Personal information
- Full name: William Clark
- Born: 8 September 1905 Crieff, Perthshire, Scotland
- Died: 6 April 1990 (aged 84) Stirlingshire, Stirlingshire, Scotland
- Batting: Right-handed
- Role: Wicket-keeper

Domestic team information
- 1946: Scotland

Career statistics
| Competition | First-class |
| Matches | 1 |
| Runs scored | 13 |
| Batting average | 6.50 |
| 100s/50s | –/– |
| Top score | 9 |
| Catches/stumpings | 1/1 |
- Source: Cricinfo, 18 July 2022

= William Clark (cricketer) =

Scottish cricketer, cricket administrator, and solicitor

William Clark (8 September 1905 — 6 April 1990) was a Scottish first-class cricketer, cricket administrator, and solicitor.

== Early life and education ==
Clark was born in September 1905 at Crieff, Perthshire.

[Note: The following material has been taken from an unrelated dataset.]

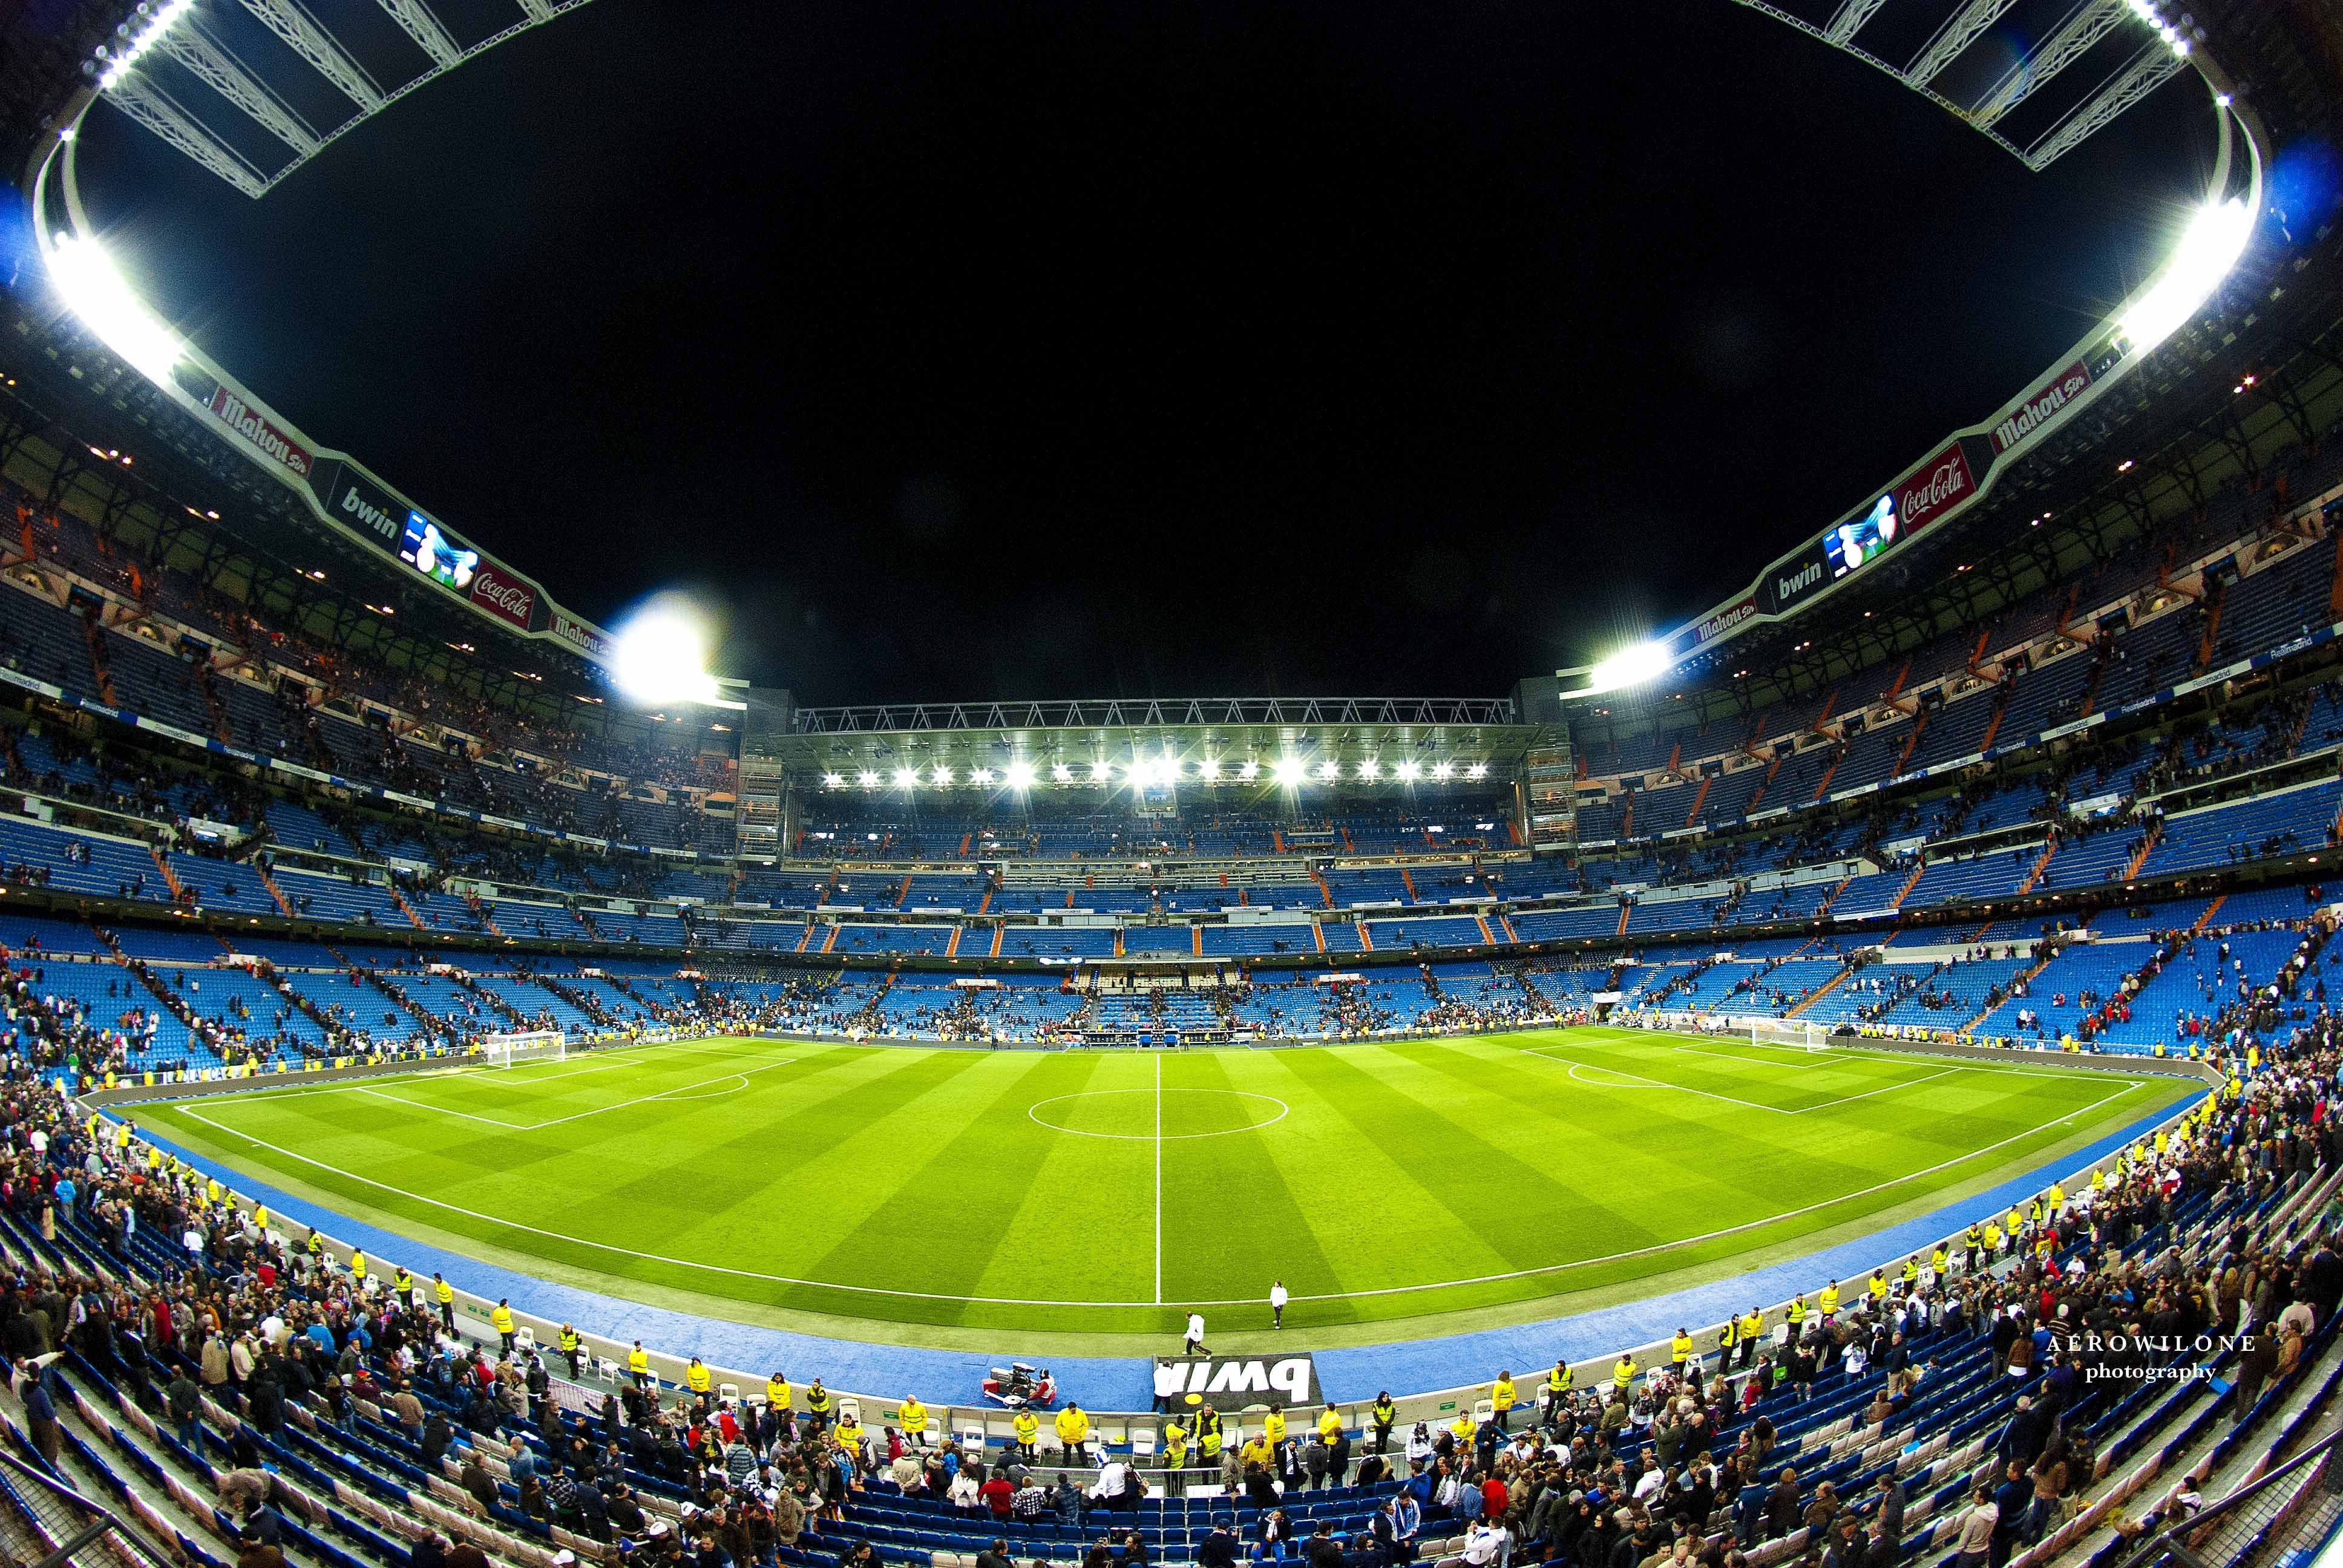 3040 - ¿Cuánto sabes de estadios de futbol? [Versión LFP]

He was educated at the Grove Academy.

== Career ==
A club cricketer for Stirling County Cricket Club, Clark made a single appearance in first-class cricket for Scotland as a wicket-keeper against Ireland at Greenock in 1946. Batting twice in the match, he was dismissed for 4 runs in the Scottish first innings by John Hill, while in their second innings he was dismissed for 9 runs by the same bowler; in his capacity as wicket-keeper, he took a single catch and made a single stumping. Clark later served as the president of the Scottish Cricket Union in 1958, succeeding W. D. Ritchie. By profession, Clark was a solicitor who was a senior partner in the firm J. M. & J. Mailer.

== Personal life ==
Clark died at Kildean Hospital in Stirling on 6 April 1990.